[TASK TO COMPLETE] Any picture in the data below gets skipped; print all the rest exactly.

[PROVIDED DATA]
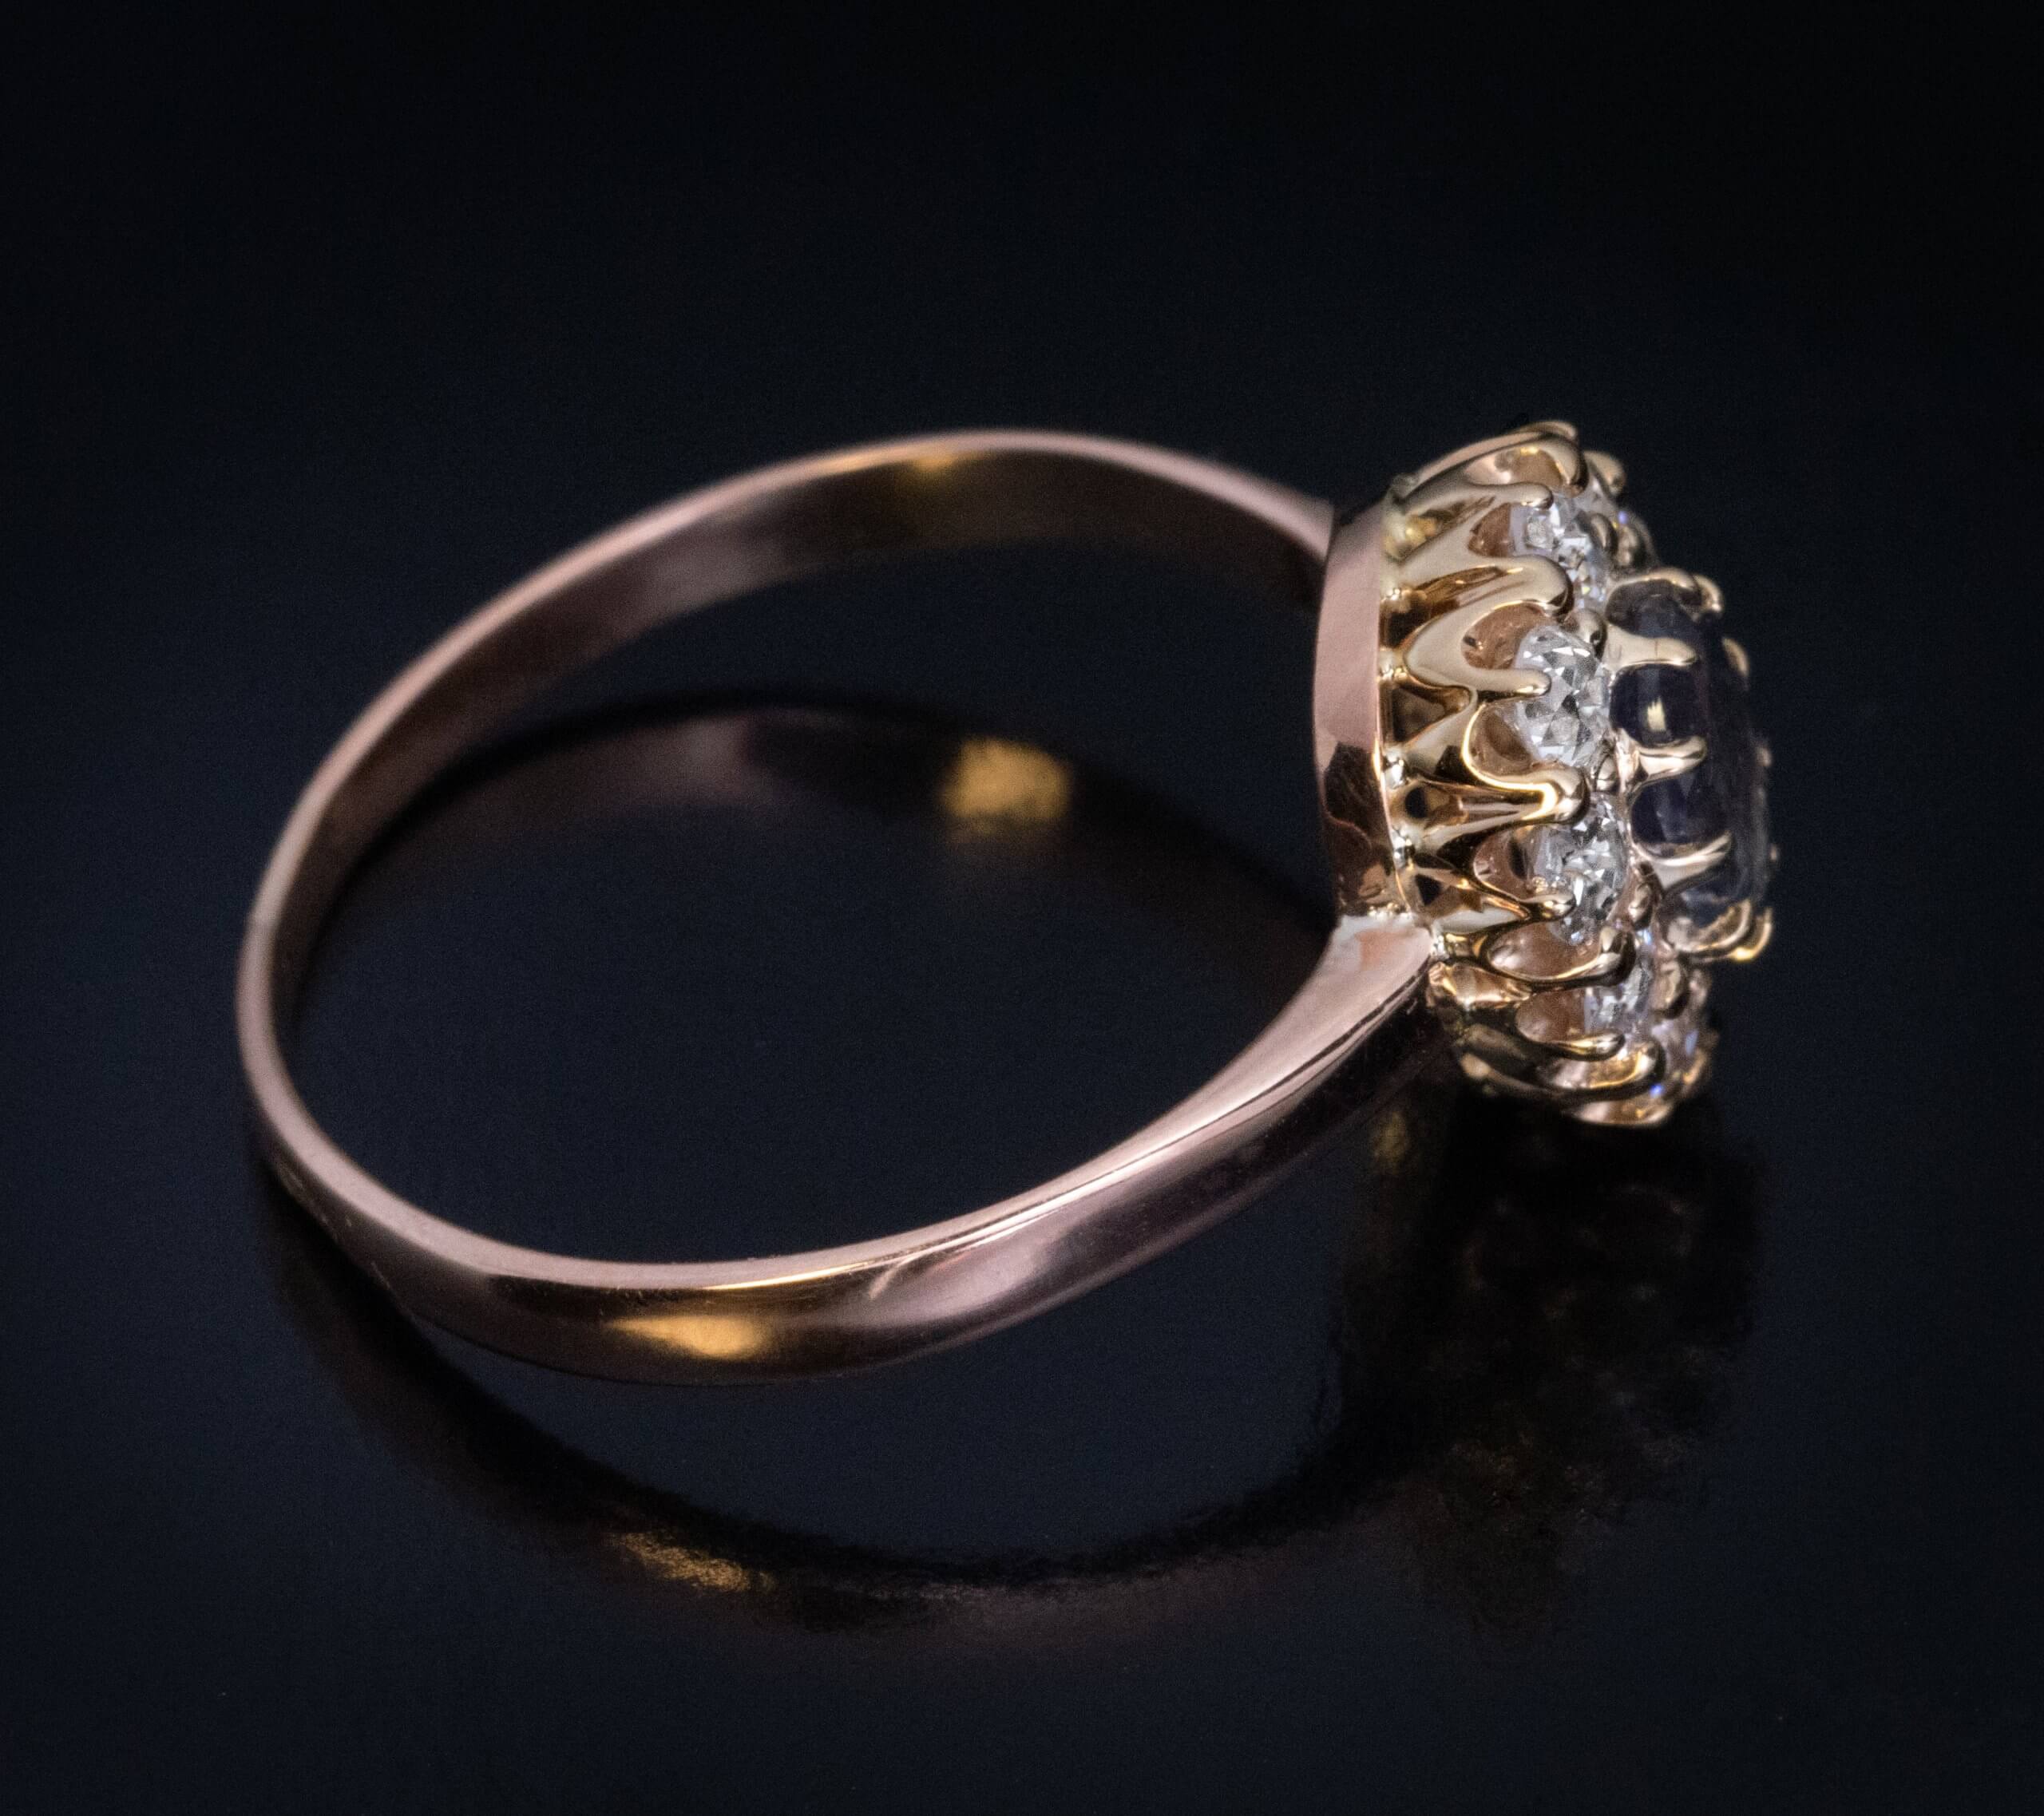 Antique Russian Alexandrite Diamond Cluster Ring Ref: 720956 - Antique ...
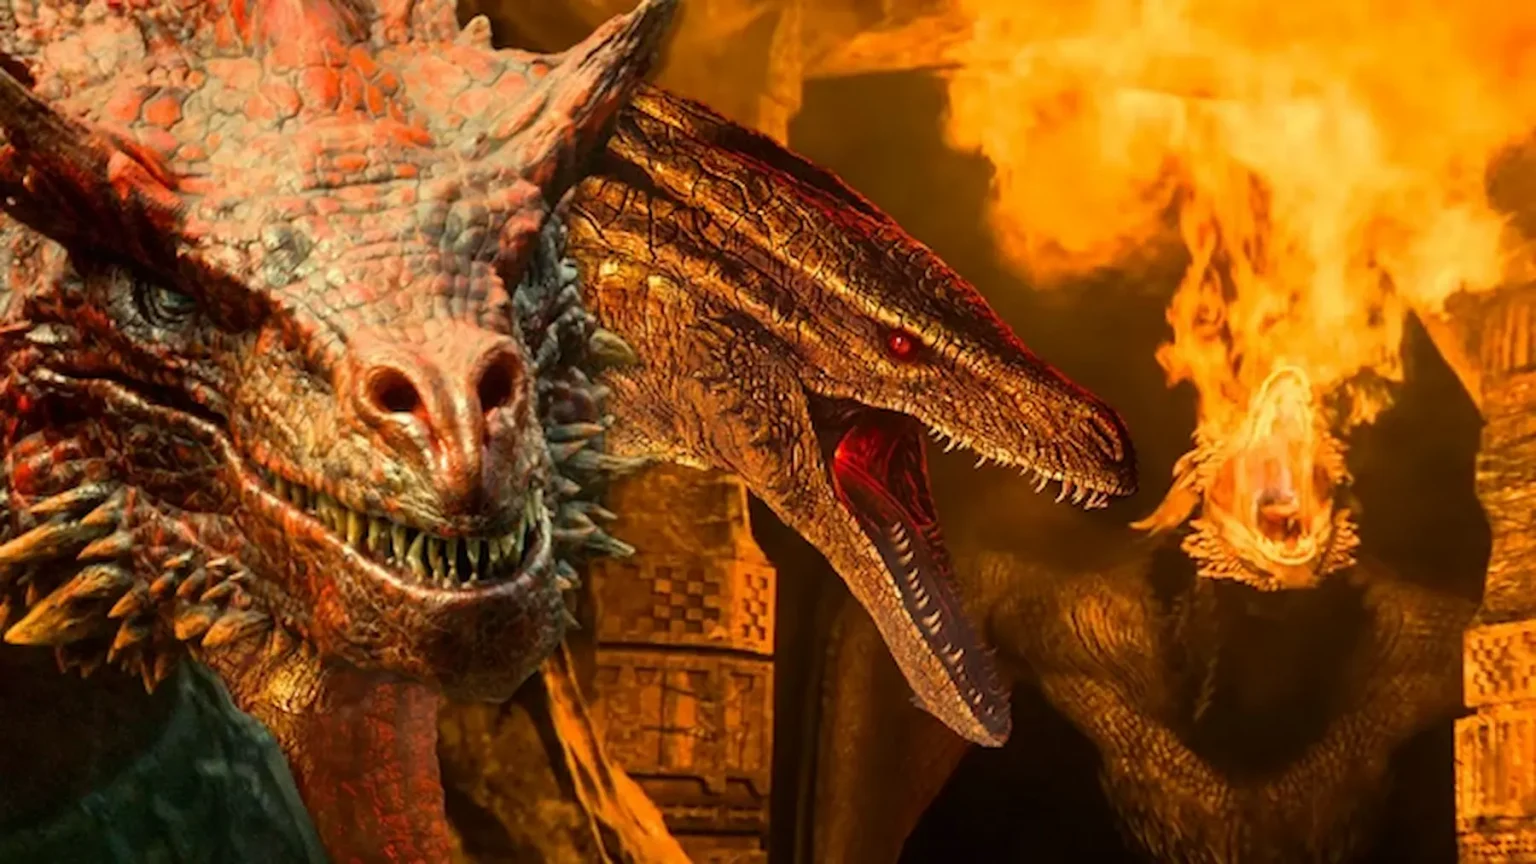 La Casa del Dragón: Todos los dragones y sus jinetes Targaryen, explicados
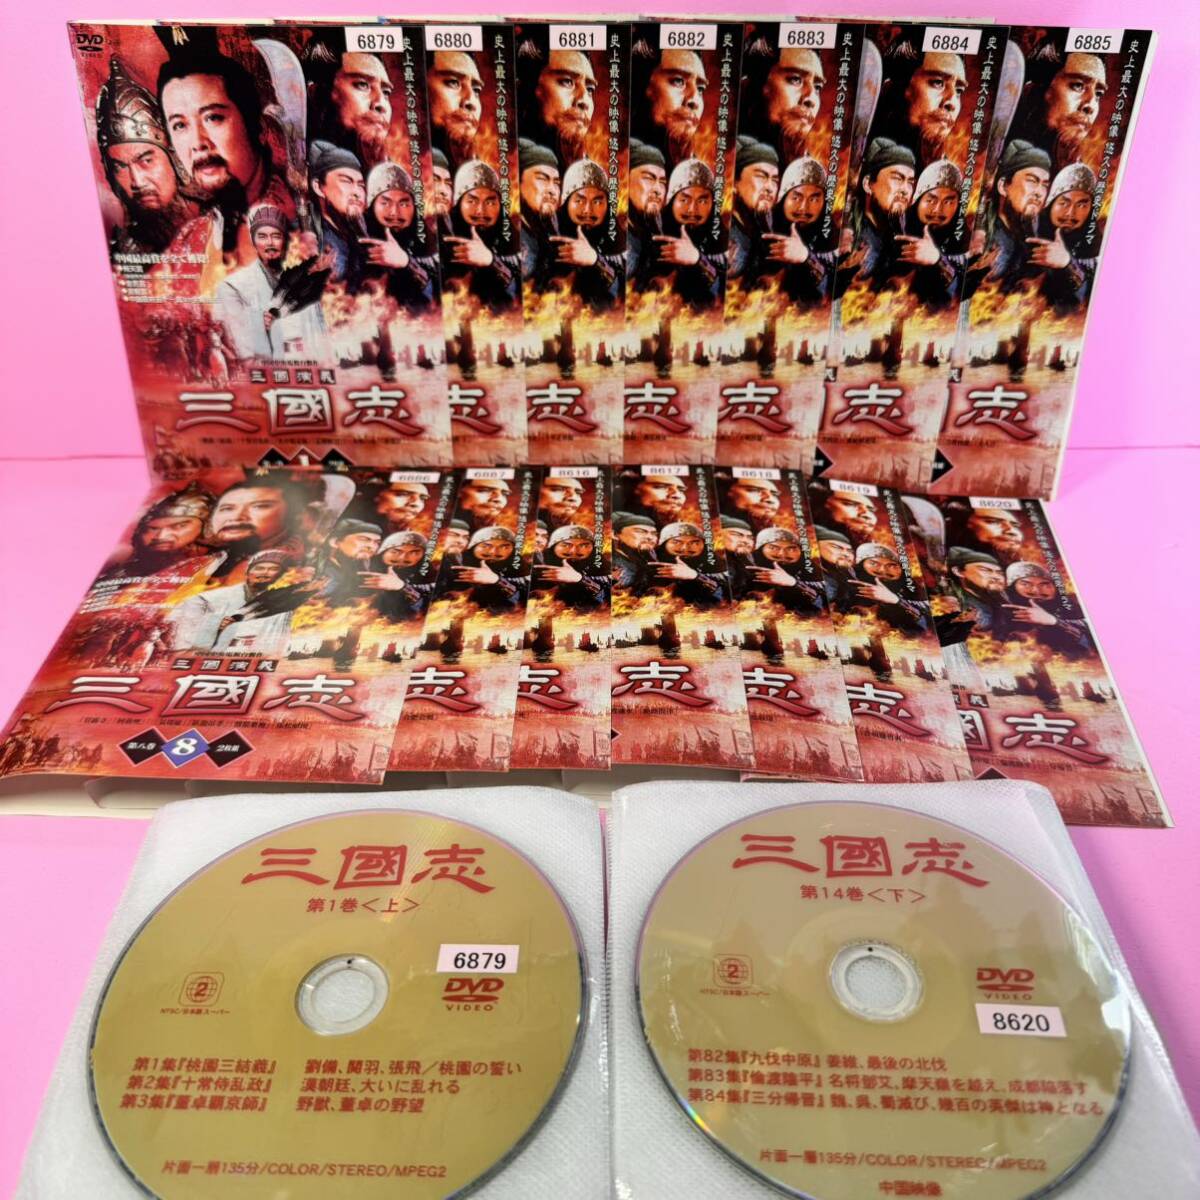 三國志 三国演義 DVD 全14巻 上下巻 合計28巻 全巻セット
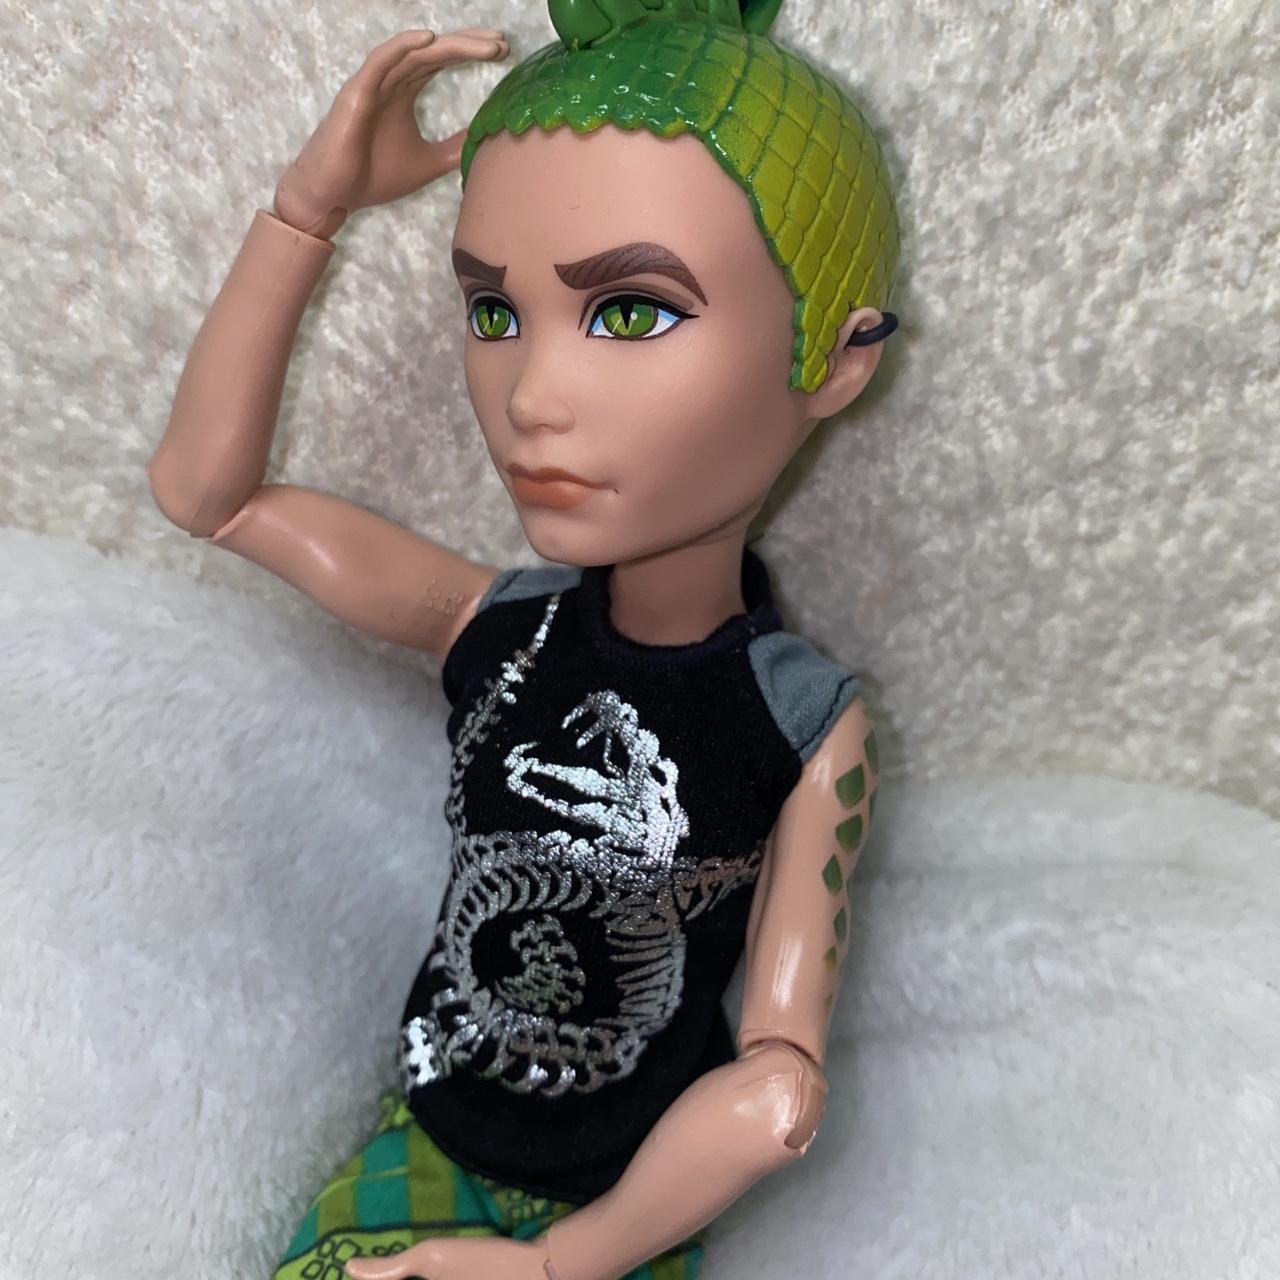 Deuce Gorgon - Monster High Dolls

[OUTPUT FOR THIS EXERCISE]
 Antique Russian Alexandrite Diamond Cluster Ring Ref: 720956 - Antique ...
 La Casa del Dragón: Todos los dragones y sus jinetes Targaryen, explicados
 三國志 三国演義 DVD 全14巻 上下巻 合計28巻 全巻セット
 Deuce Gorgon - Monster High Dolls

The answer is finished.